4-. No puedes comprar mi amor.
Kazuto Kirigaya al resguardo del dúo dinámico.
Ser adulto responsable es una basura. Y si haz de serlo para tus amigos inmaduros, es aún más triste.
Antes de mi "cita" con Asuna, tuve que pasar por casa de Klein. Básicamente porque mi conciencia ganó la batalla de la mente la noche anterior.

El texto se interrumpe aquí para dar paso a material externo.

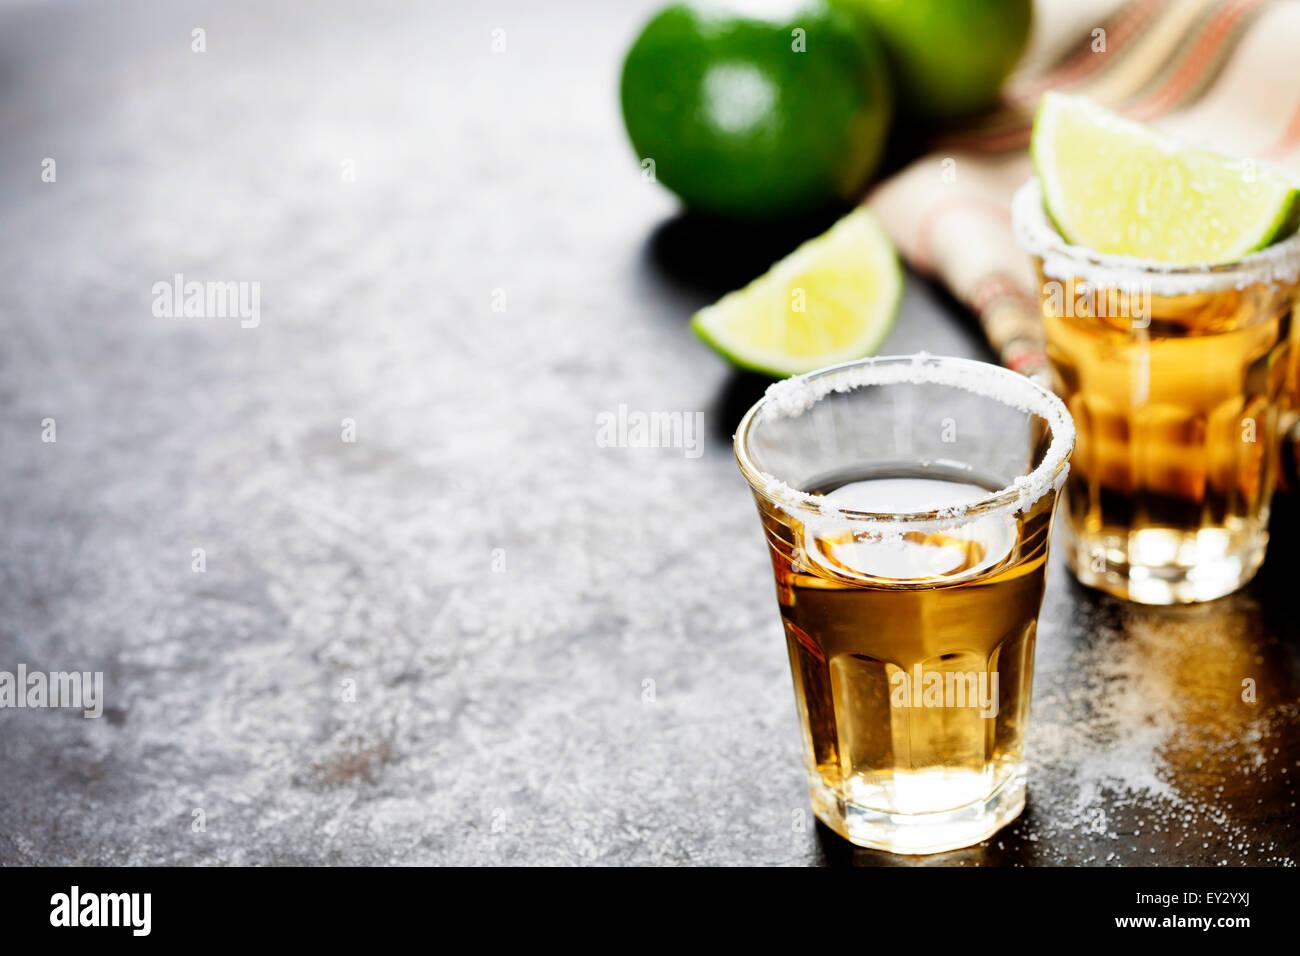 Tequila riprese con calce e sale su sfondo rustico Immagini Stock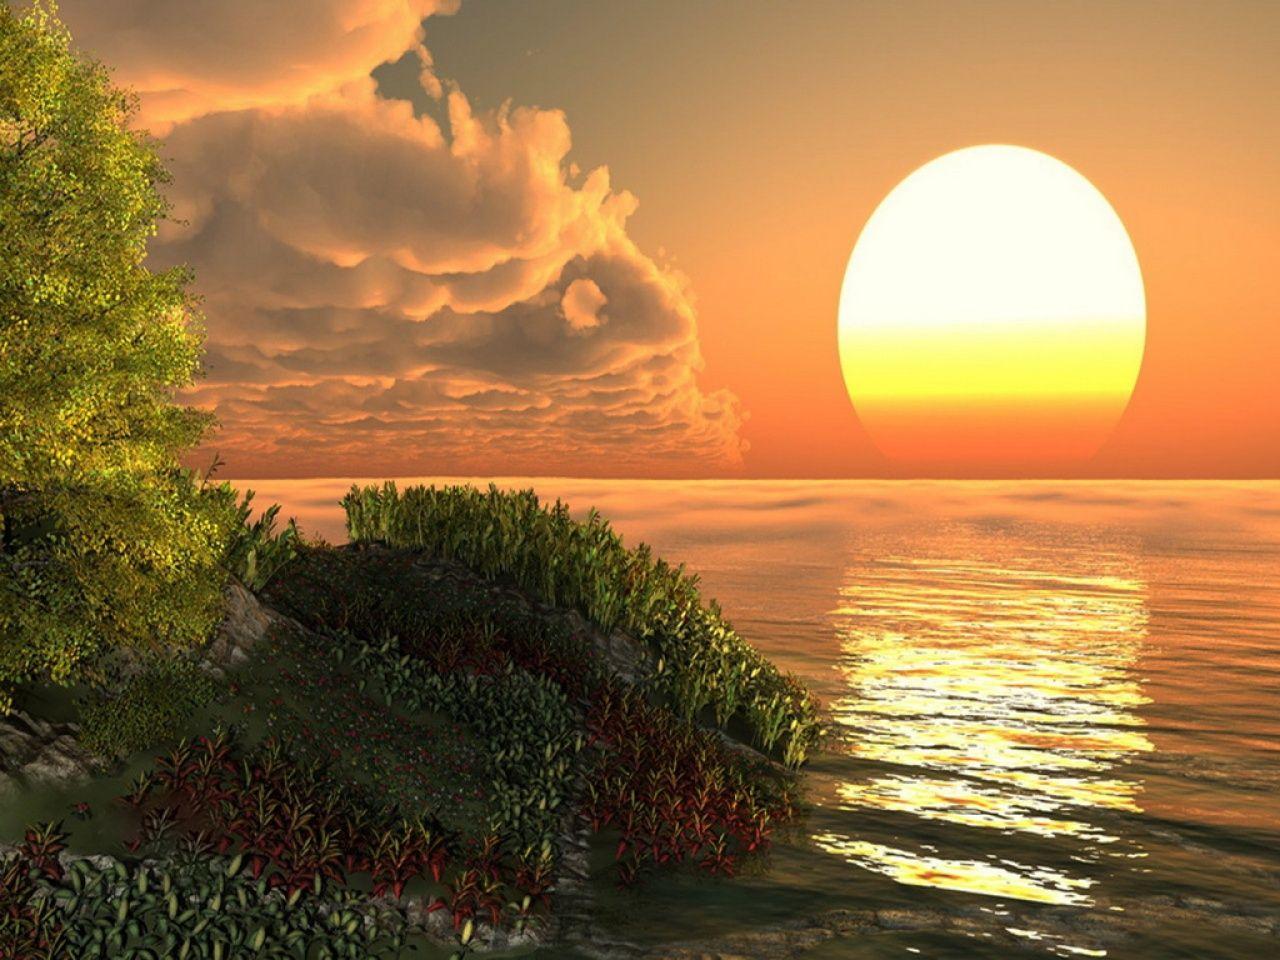 Reflejos En El Agua Paisajes Amanecer En El Mar Reflejos En El Agua

Anoche me las arreglé junto con Agil para meterlos en un Uber. Su plan era irse en la motocicleta de Klein, pero después de considerar lo que he bautizado como el "síndrome de la lengua resbaladiza", tropezar con sus propios pies —cabe destacar; caminaban como cangrejos, con el equilibrio de la gelatina—, incapacidad de reconocer el color rojo del verde y pensar que yo era parte de un grupo de trillizos, no pude dejarlos ir así sin más. La idea de sobrevivir al juego de la muerte, para morir a causa de un accidente de una noche de tragos me pareció diabólica.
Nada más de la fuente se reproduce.